▶ _Aim of the exercise_
Set down all of the data that follows word for word, without the images.

(Data extract begins)

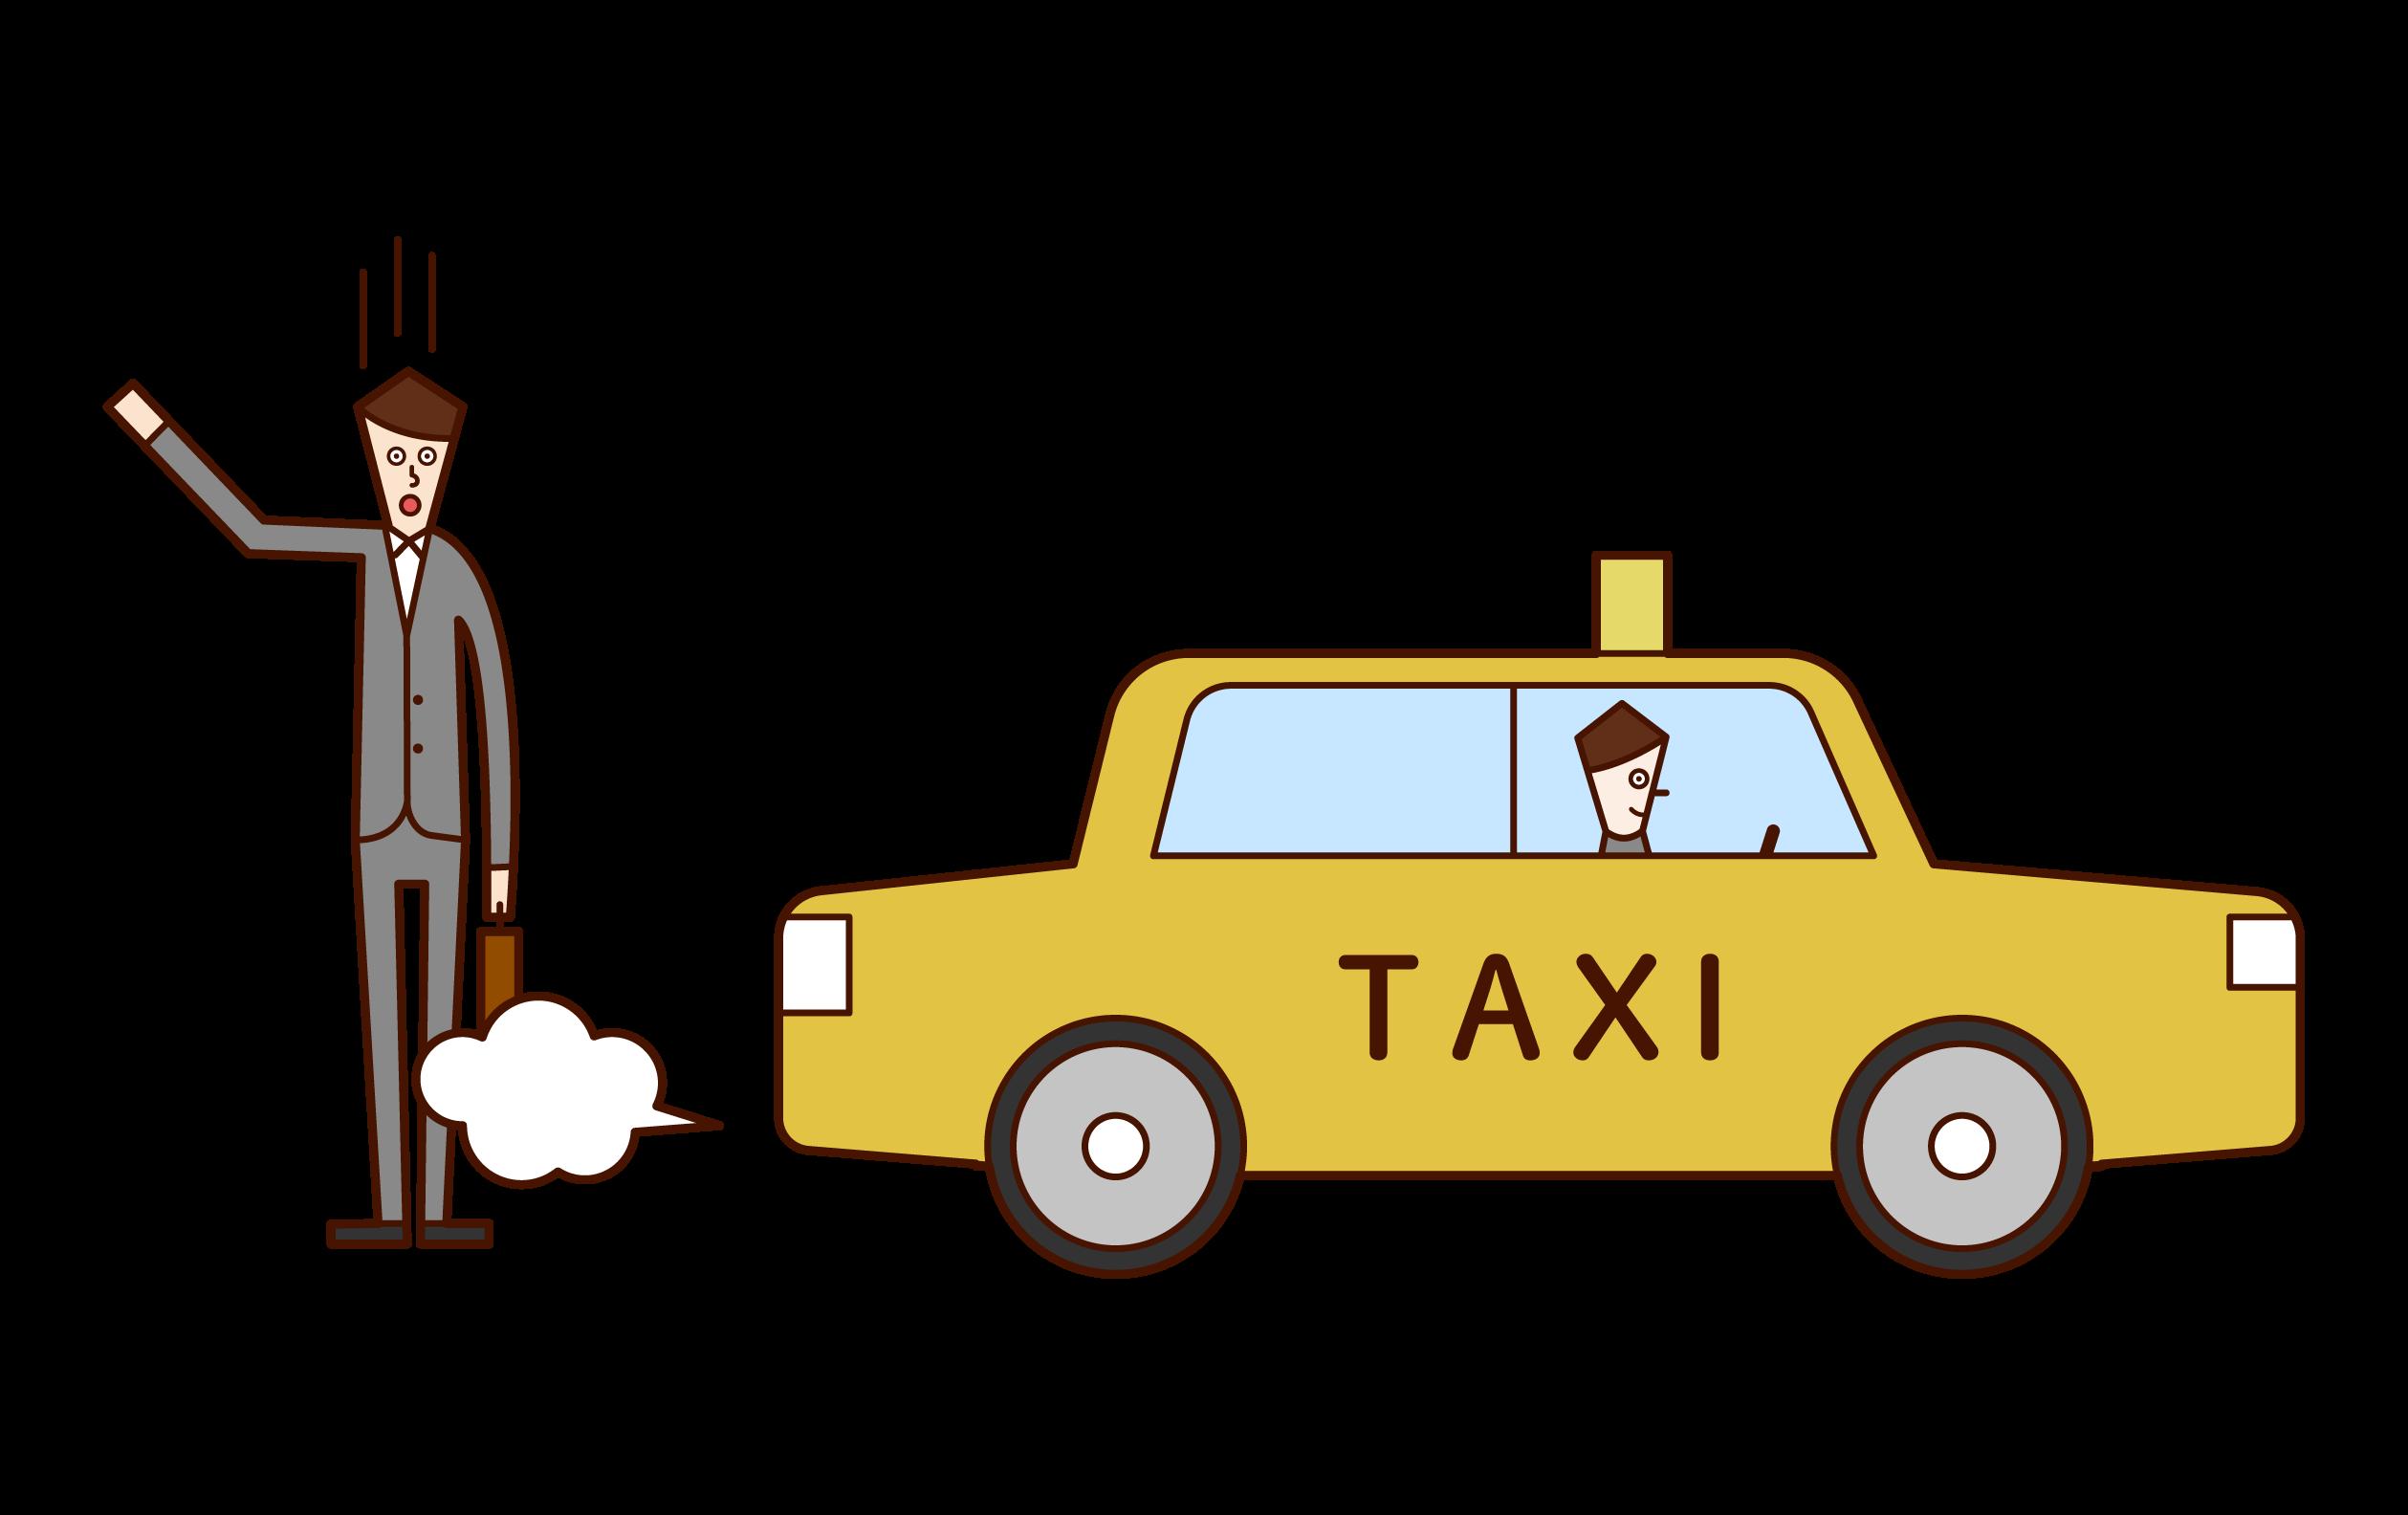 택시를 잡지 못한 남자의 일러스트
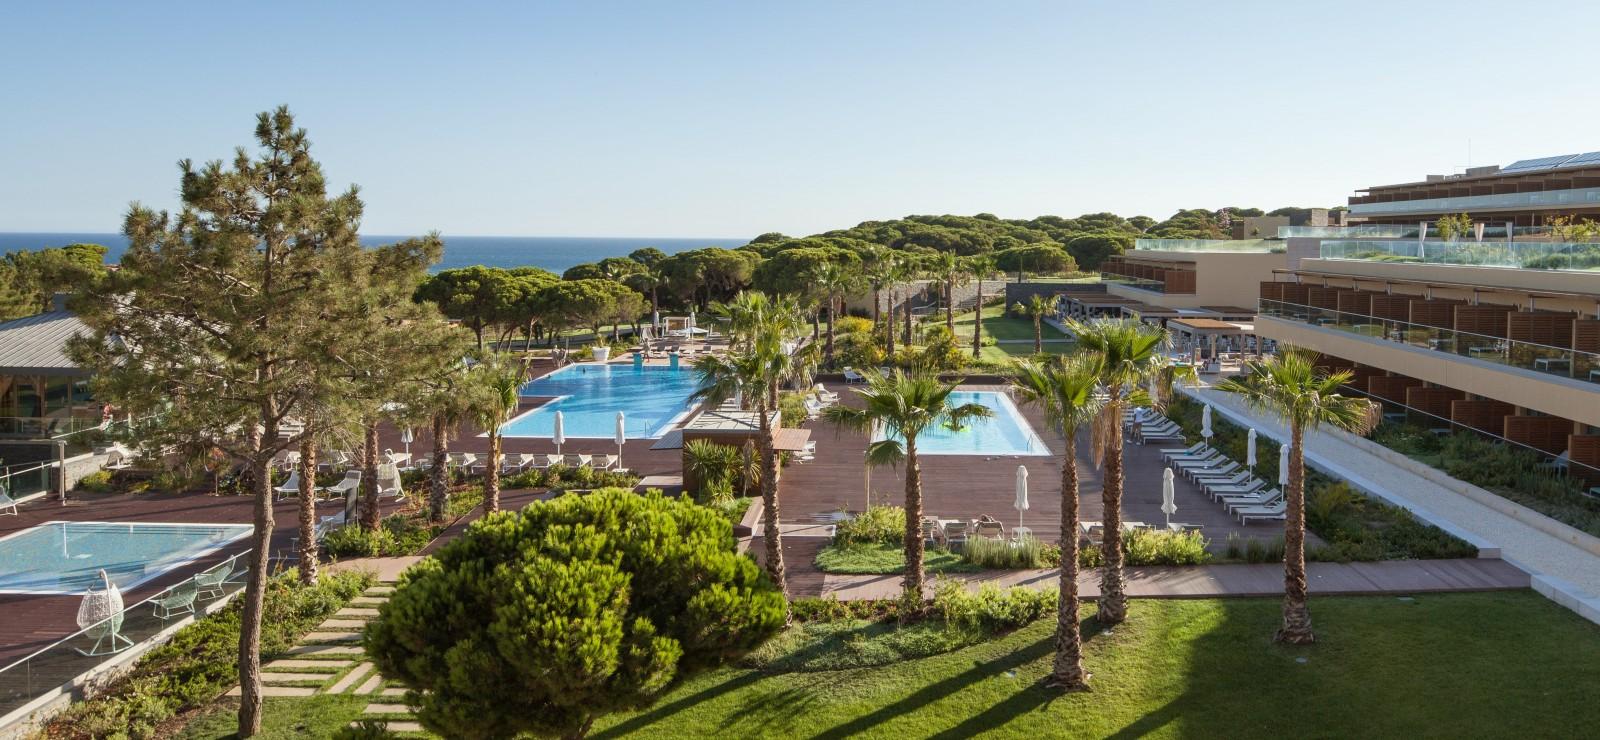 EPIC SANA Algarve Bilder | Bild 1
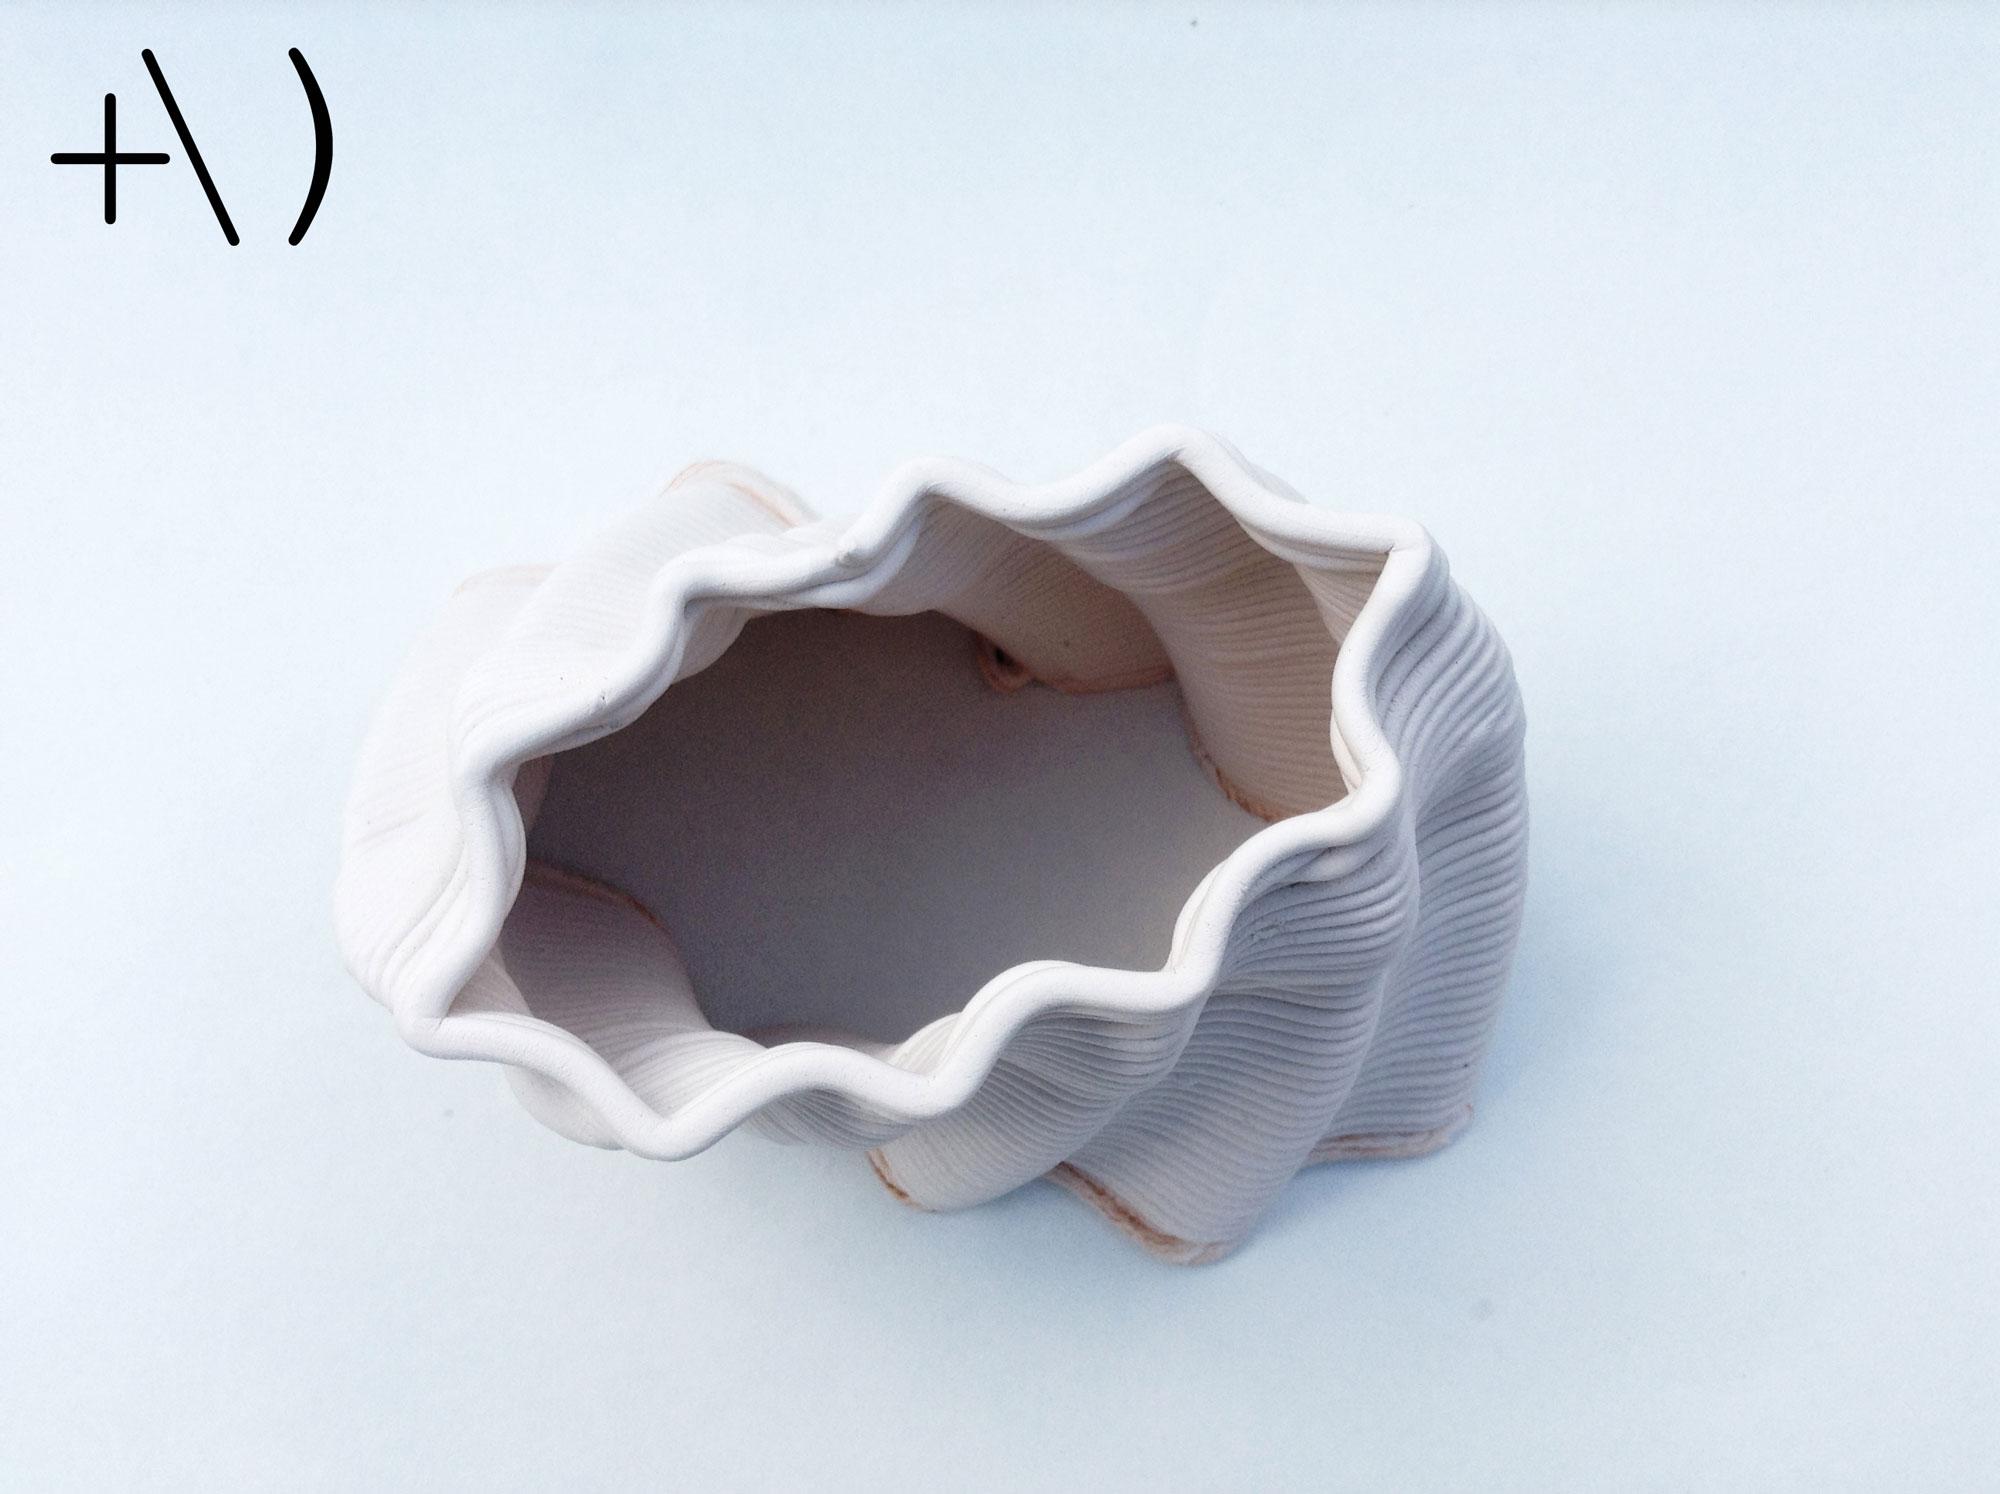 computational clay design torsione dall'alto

(Data extract ends)

▶ _Output for this task_
 택시를 잡지 못한 남자의 일러스트
 EPIC SANA Algarve Bilder | Bild 1
 computational clay design torsione dall'alto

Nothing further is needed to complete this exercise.